Data block START

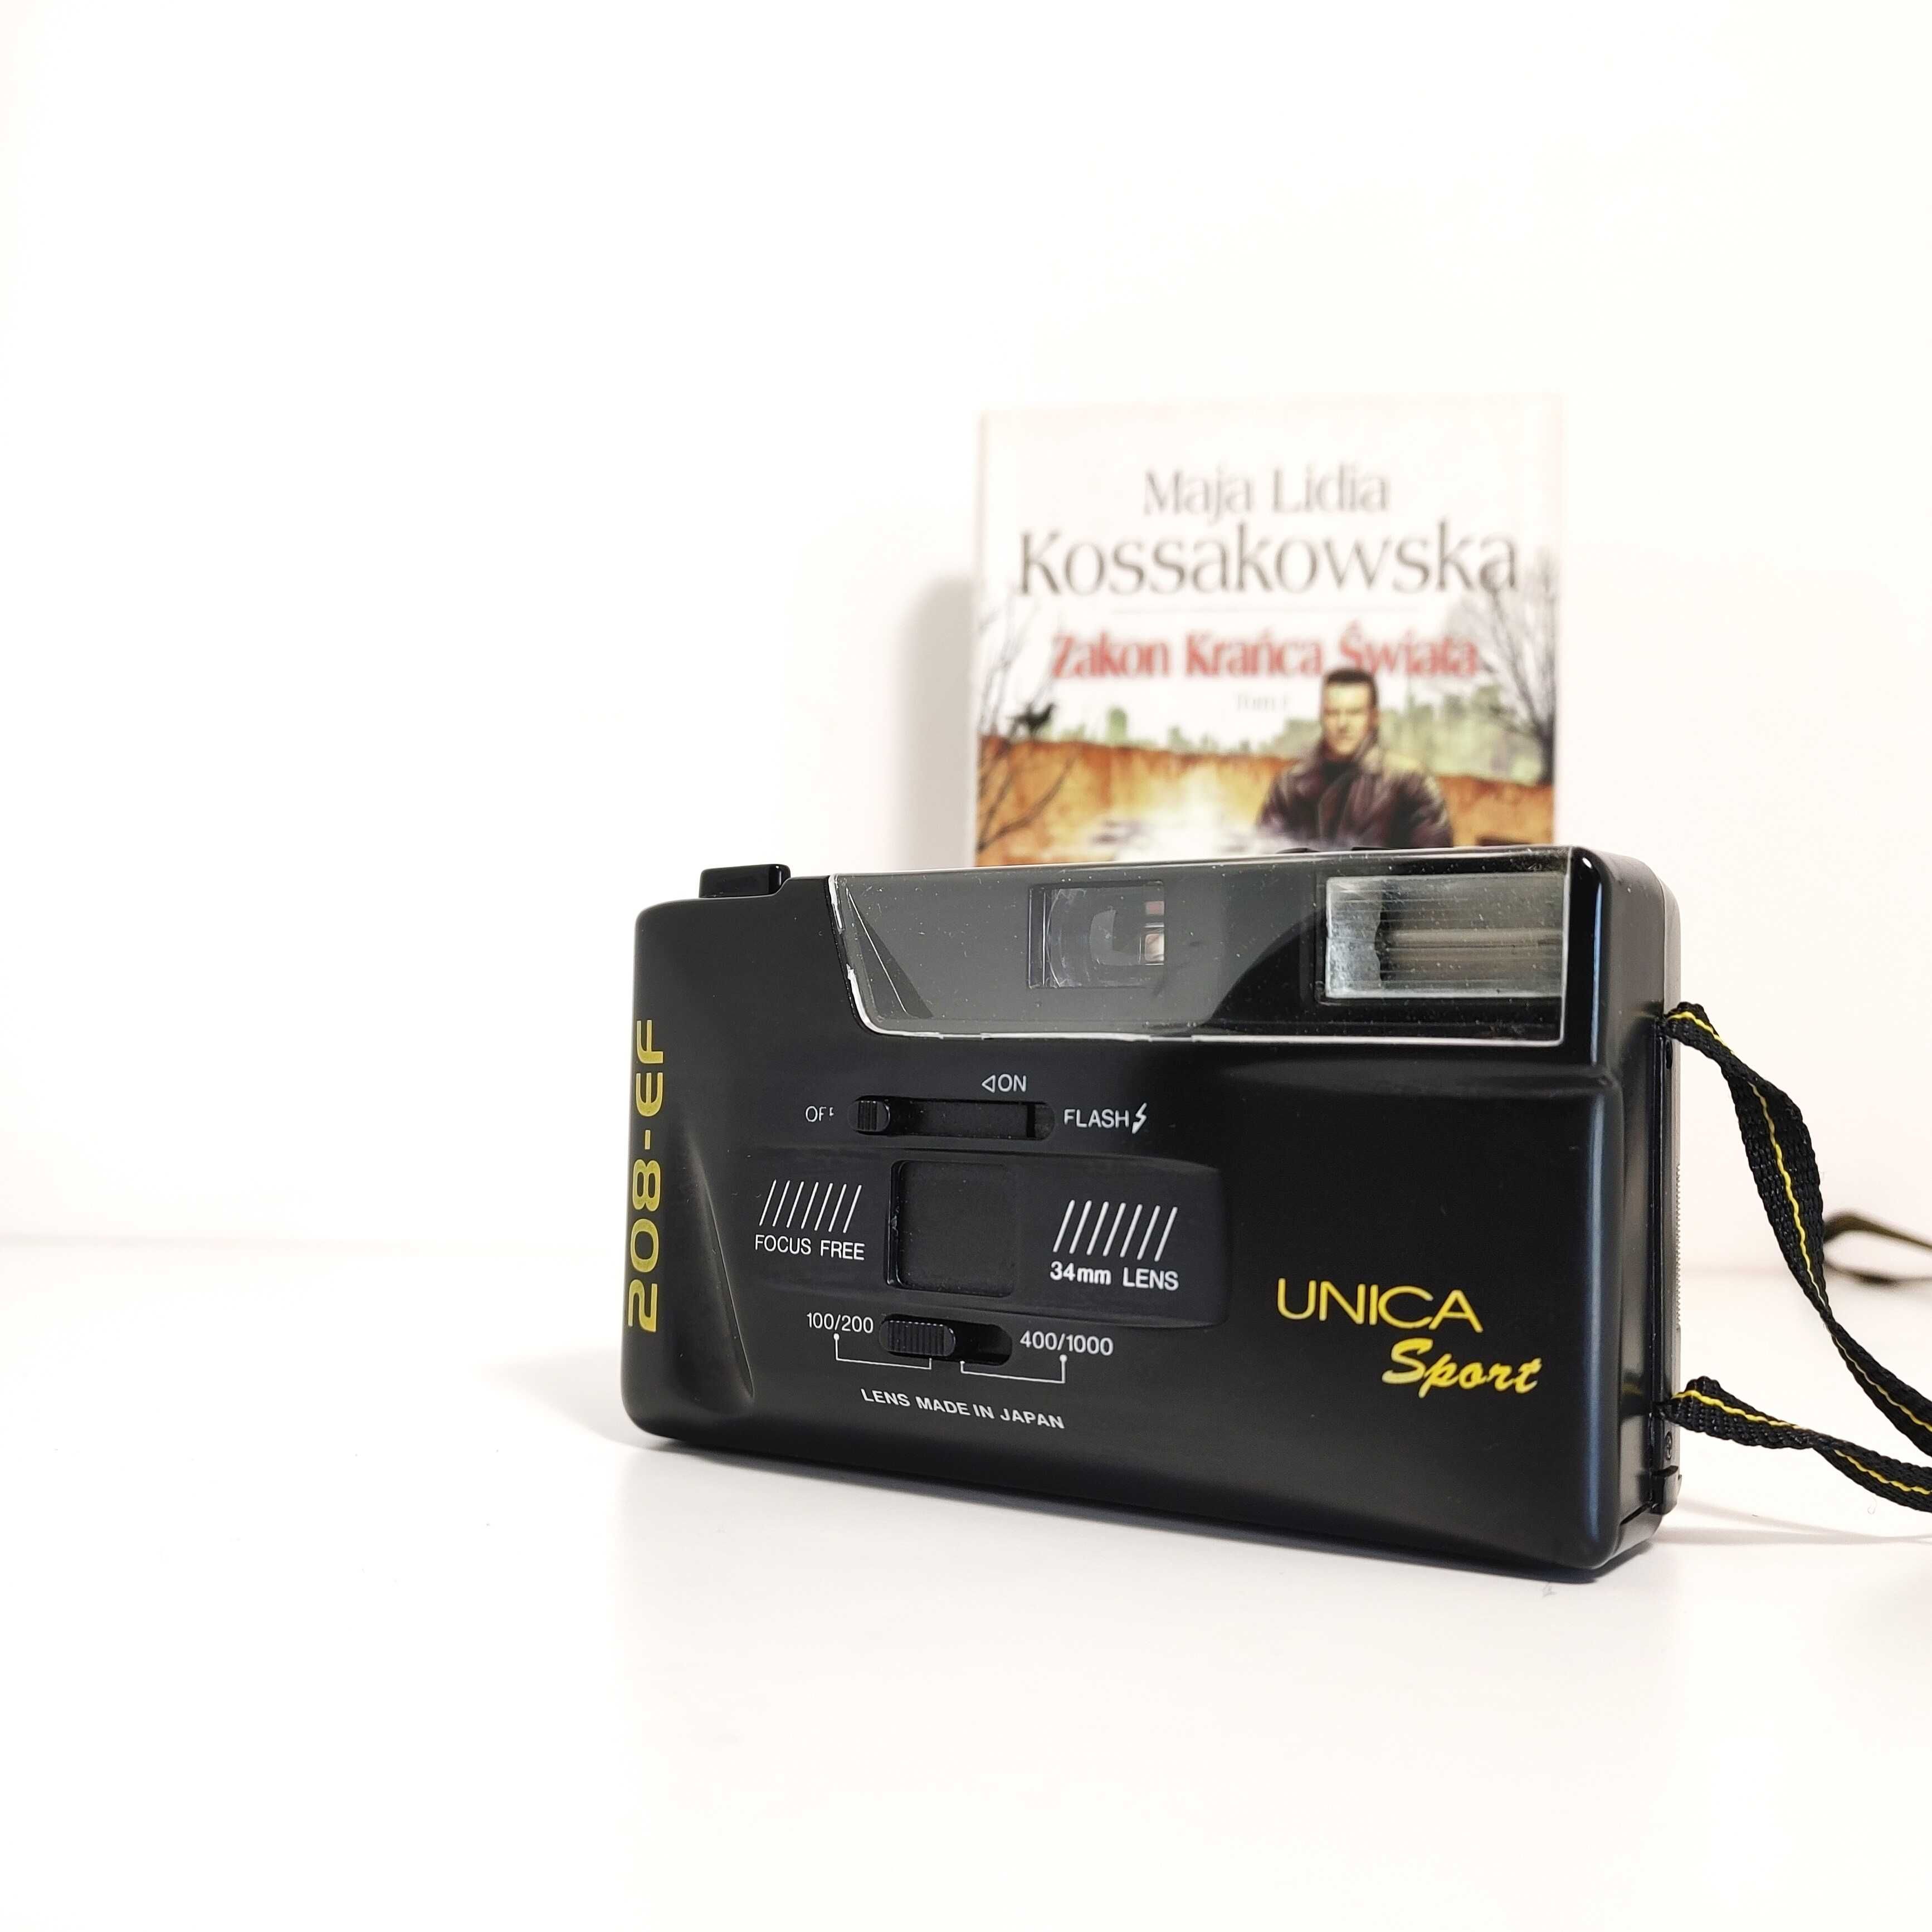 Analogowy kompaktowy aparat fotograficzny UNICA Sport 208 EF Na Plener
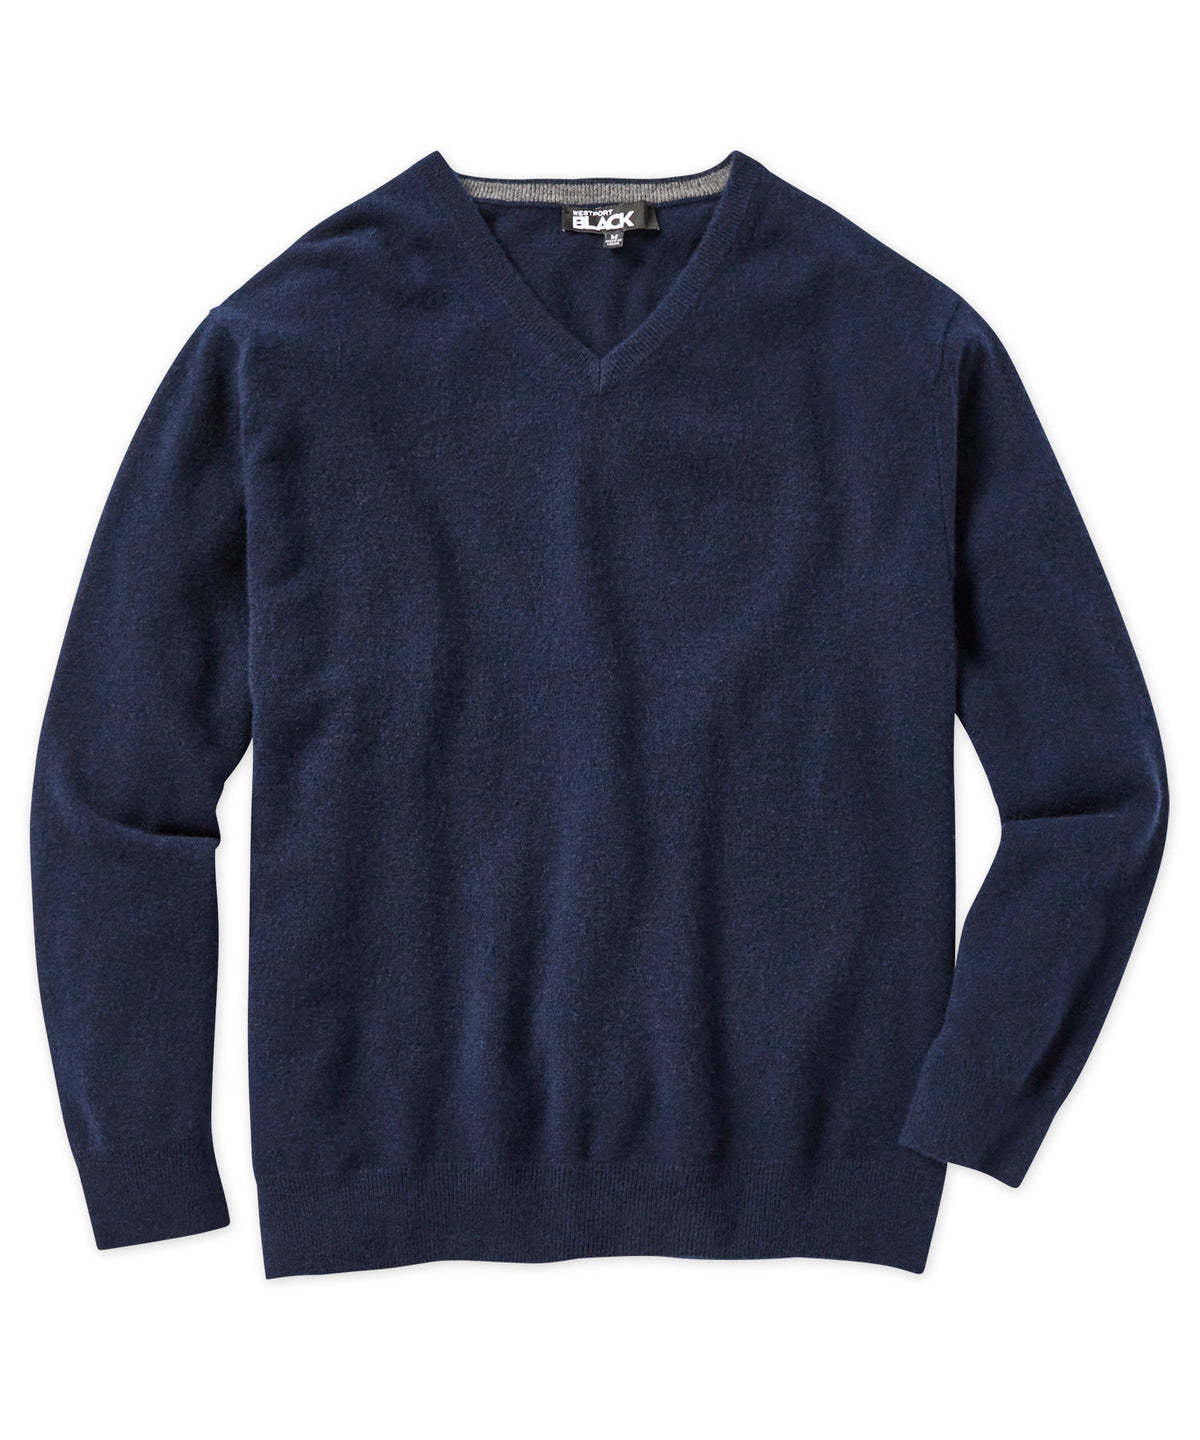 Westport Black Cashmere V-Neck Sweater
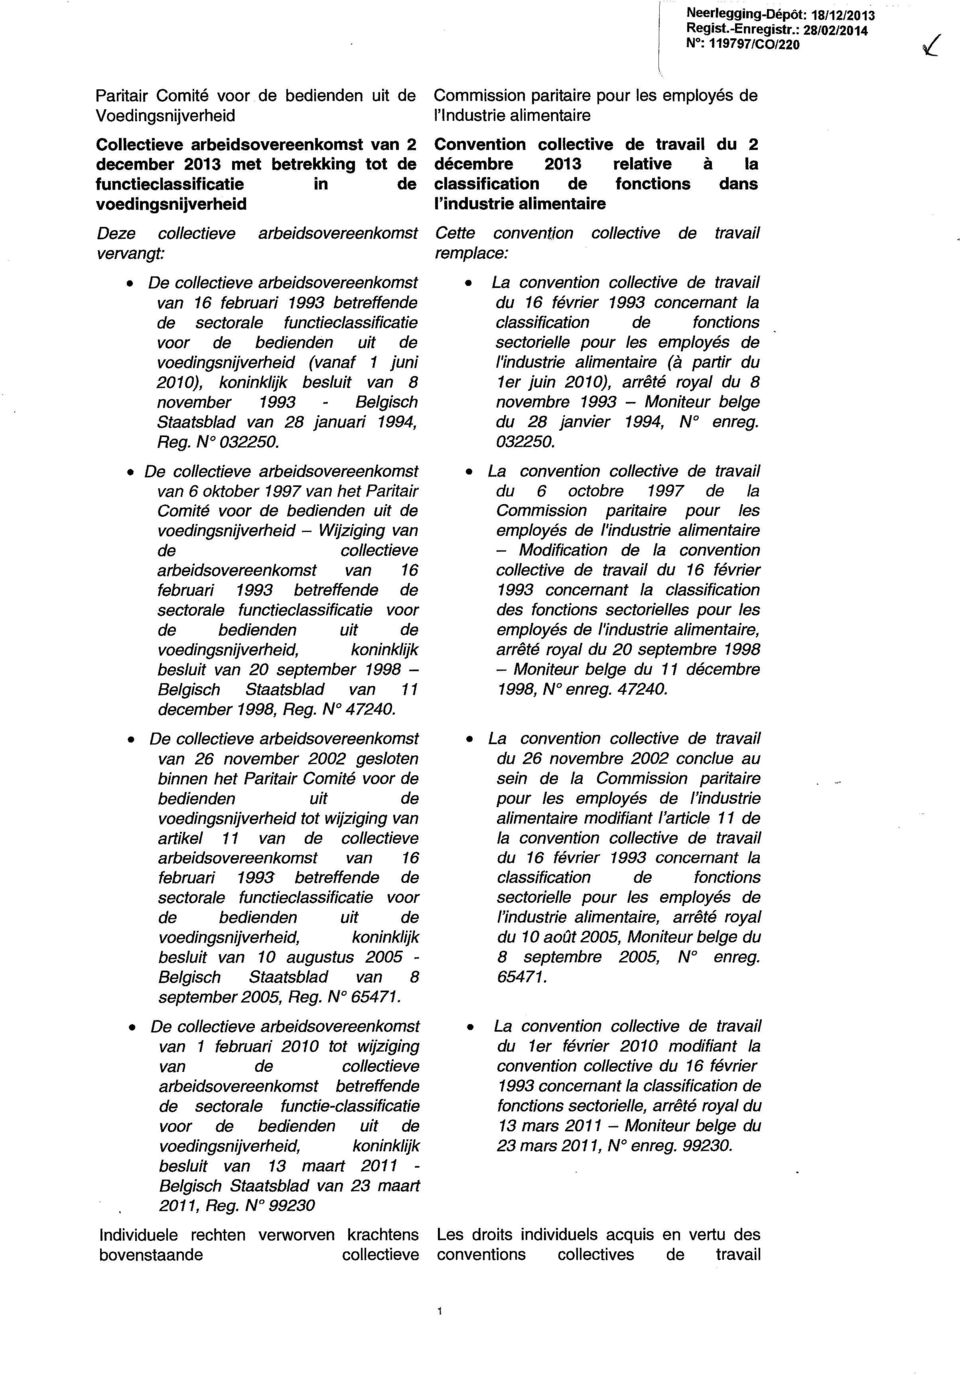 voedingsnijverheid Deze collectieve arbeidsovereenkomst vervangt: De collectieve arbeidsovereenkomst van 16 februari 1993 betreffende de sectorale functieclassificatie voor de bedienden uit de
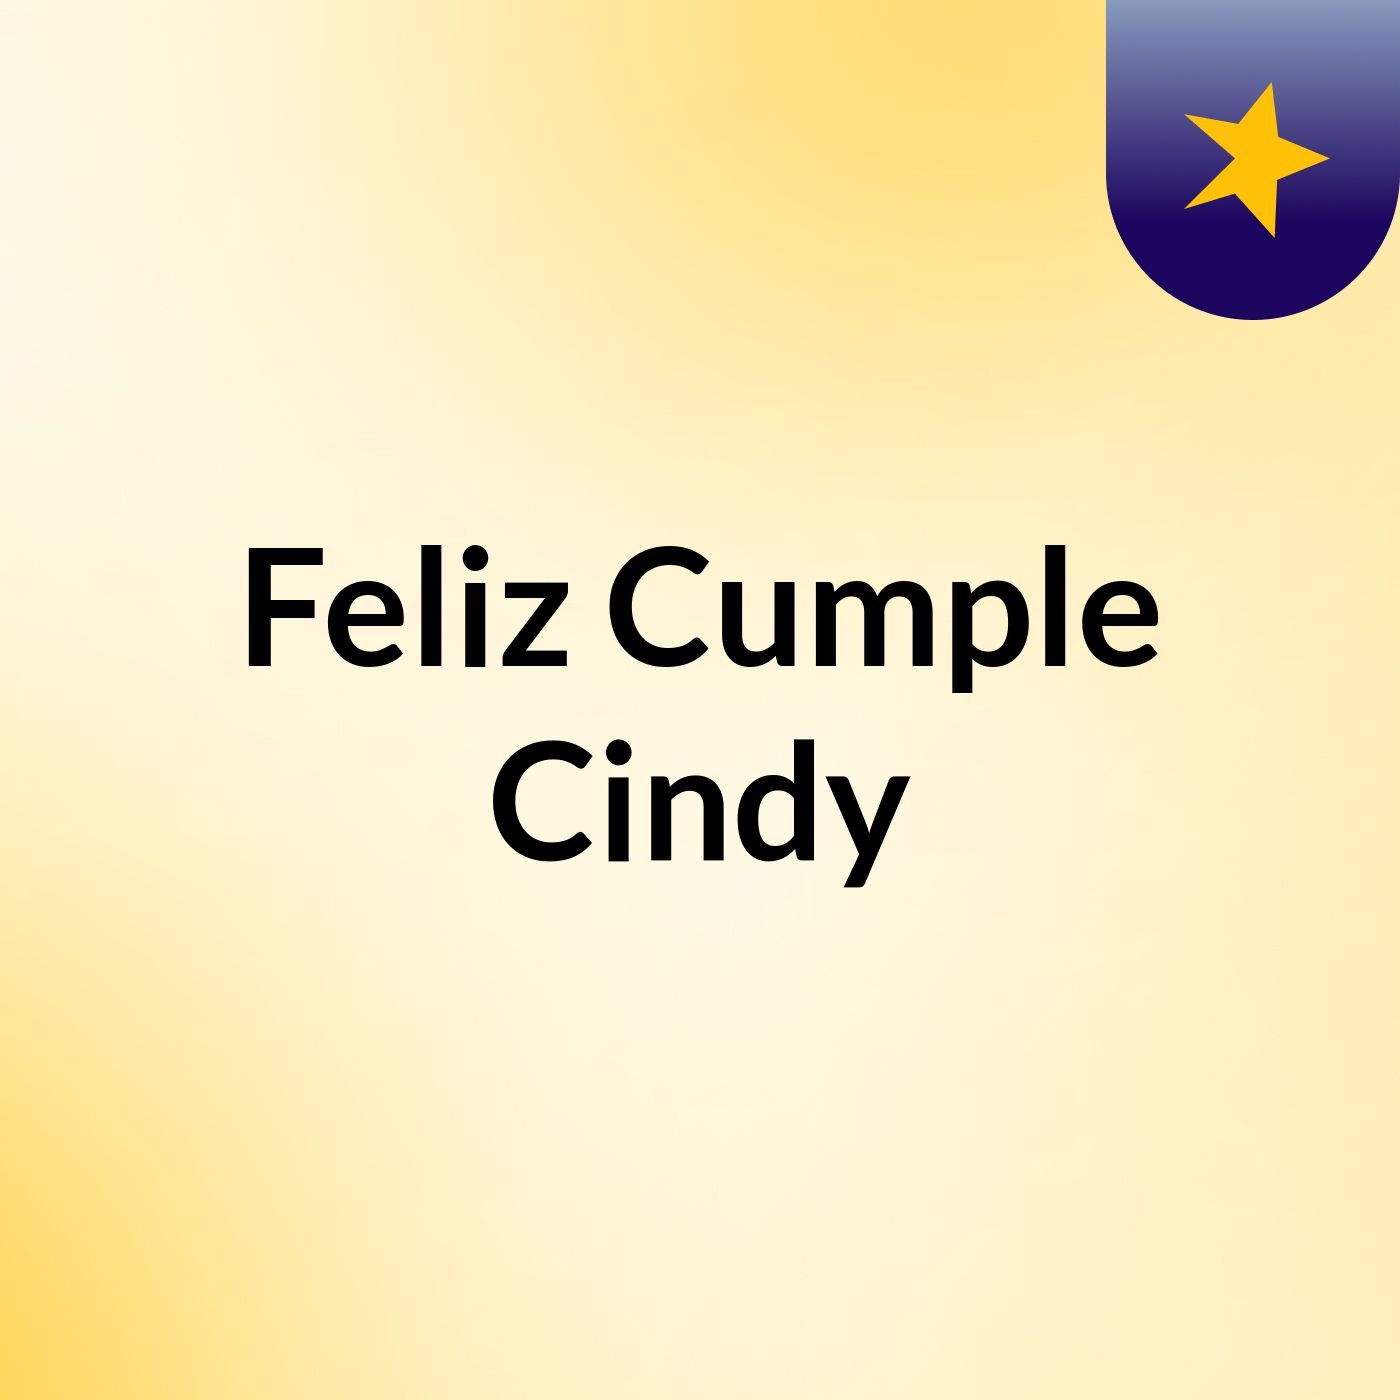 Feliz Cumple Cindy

Data block END

*Instructions to follow*. Give back all the data exactly, minus pictures.

*Reply to the task*.
 Analogowy kompaktowy aparat fotograficzny UNICA Sport 208 EF Na Plener
 Westport Black Cashmere V-Neck Sweater
 voedingsnijverheid Deze collectieve arbeidsovereenkomst vervangt: De collectieve arbeidsovereenkomst van 16 februari 1993 betreffende de sectorale functieclassificatie voor de bedienden uit de
 Feliz Cumple Cindy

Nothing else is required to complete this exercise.